By Roger Elmore - Department of Agronomy
Iowa’s corn has experienced an unforgiving growing season. With the last breaths of summer in the air many wonder what it will take to maximize yields from this date forward. According to the recent USDA report, Iowa’s corn is about two weeks behind the five year average. Eleven percent is ready for a frost, 71 percent is in the dent stage. At beginning dent the crop normally needs about 3 weeks to mature. The bottom line - regardless of location in Iowa, the corn crop needs a normal or later than normal frost date to maximize yields.
Recall that planting dates were later than we would like to maximize corn yields, and that early-season growth was hampered by cold and wet soils. Plant emergence was difficult and slow. Rainfall prevented timely post-emergence operations such as side-dress fertilizer applications and post-emergence herbicide applications. Several articles in the ICM news document the season well.
Based on what I understand, cool temperatures after silking are necessary for maximum yields. This happened in 2008. Indeed, slow heat unit accumulation rates characterize 2008 in Iowa. The disadvantage of this is that slower crop development coupled with later than desired planting dates necessitates a long growing season, and a late frost.
An example from Central Iowa
A late August ICM News article, “Factors Needed to Maximize Corn Yield Potential in 2008”, suggested that to maximize yields in central Iowa, based on the Ames weather data through Aug. 22, large amounts of sunlight and rainfall after silking were necessary to maximize yields from that point forward; plus a late frost on or after Oct. 22. To some extent this has happened. The crop nervously awaits a freeze – or at least those close to corn production feel that way! Figure 1 shows dates of 28 degree fall frosts for Ames. The average date is Oct. 17.

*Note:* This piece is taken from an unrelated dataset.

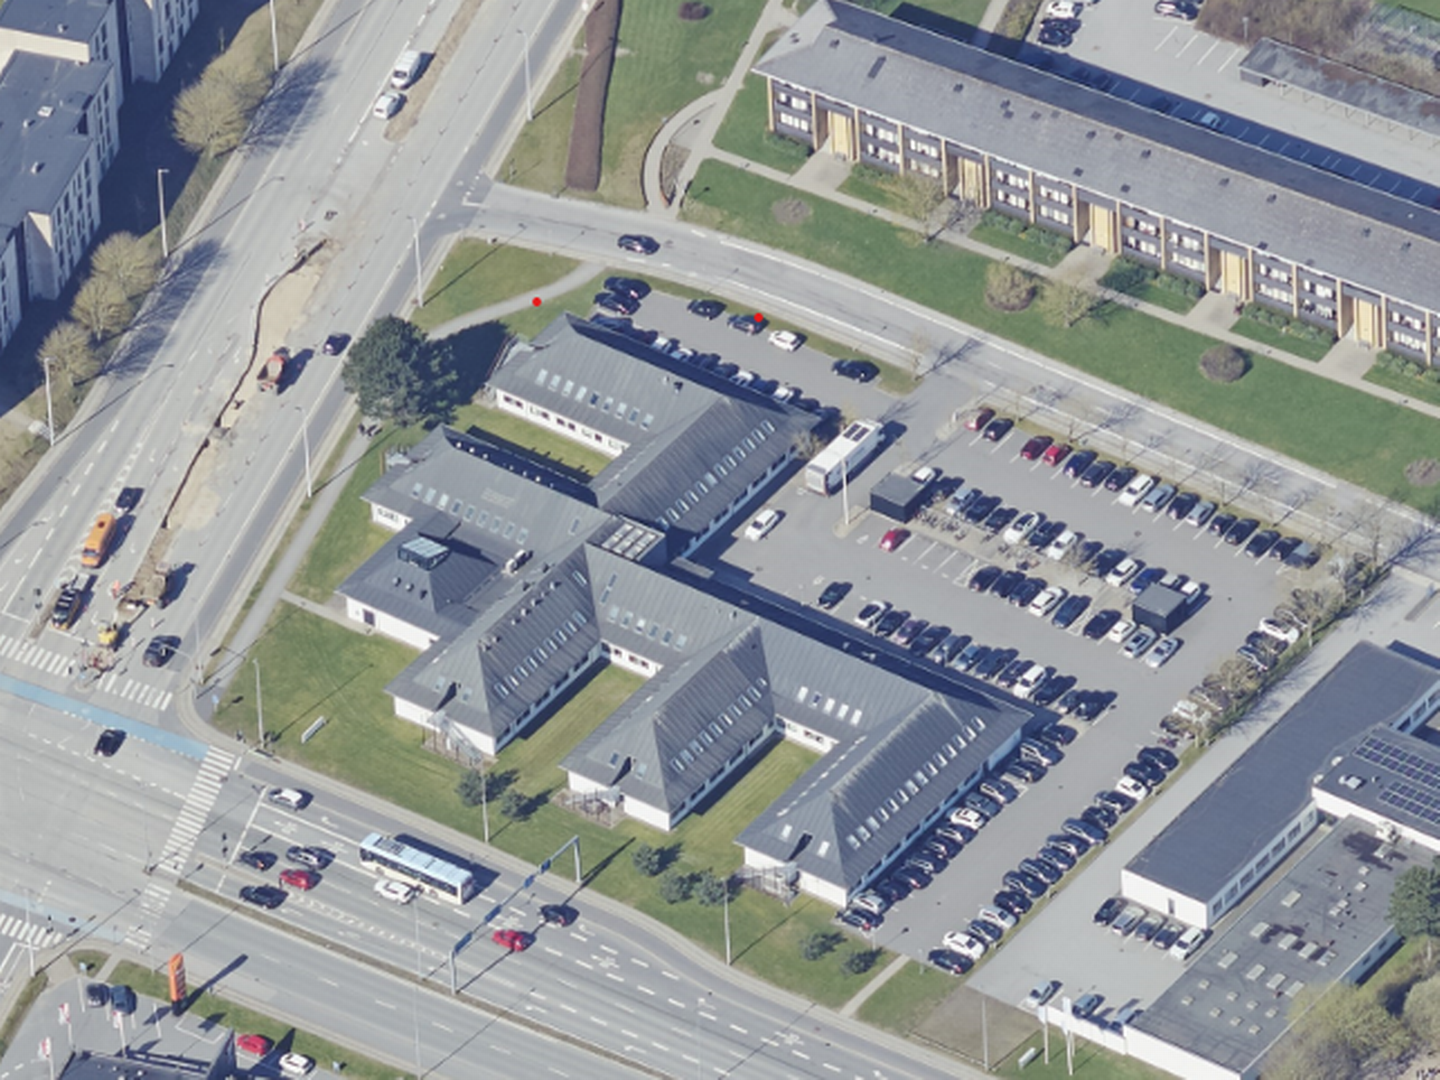 Revisionsfirmaet Beierholm har med sparring fra erhvervsmægleren Nordicals solgt sin 4300 kvm store ejendom på Voergårdvej i Aalborg.

To test this thinking, earlier this week I used Hybrid Maize, a computer model, with 2008 weather data through Sep. 15 for Ames. Table 1 shows a summary of the results.
If the weather after Sep. 16 is like of the median year for Ames, a crop could yield 91 percent of its normal potential, if there are no other limiting factors. Based on Table 1 a maturity date of Oct. 28 is necessary for the highest yield potential with a frost date later than that. This has happened in four of the last 30 years; 13 percent of the time (Figure 1). In addition to a late frost, plenty of sunlight is necessary to maximize yields. This week’s weather forecast is promising.
Iowa’s 2008 corn crop needs a later than normal frost date to maximize yield. Conditions that hasten crop maturity from this point forward or an earlier frost will reduce yield potentials.
Roger Elmore is a professor of agronomy with research and extension responsibilities in corn production.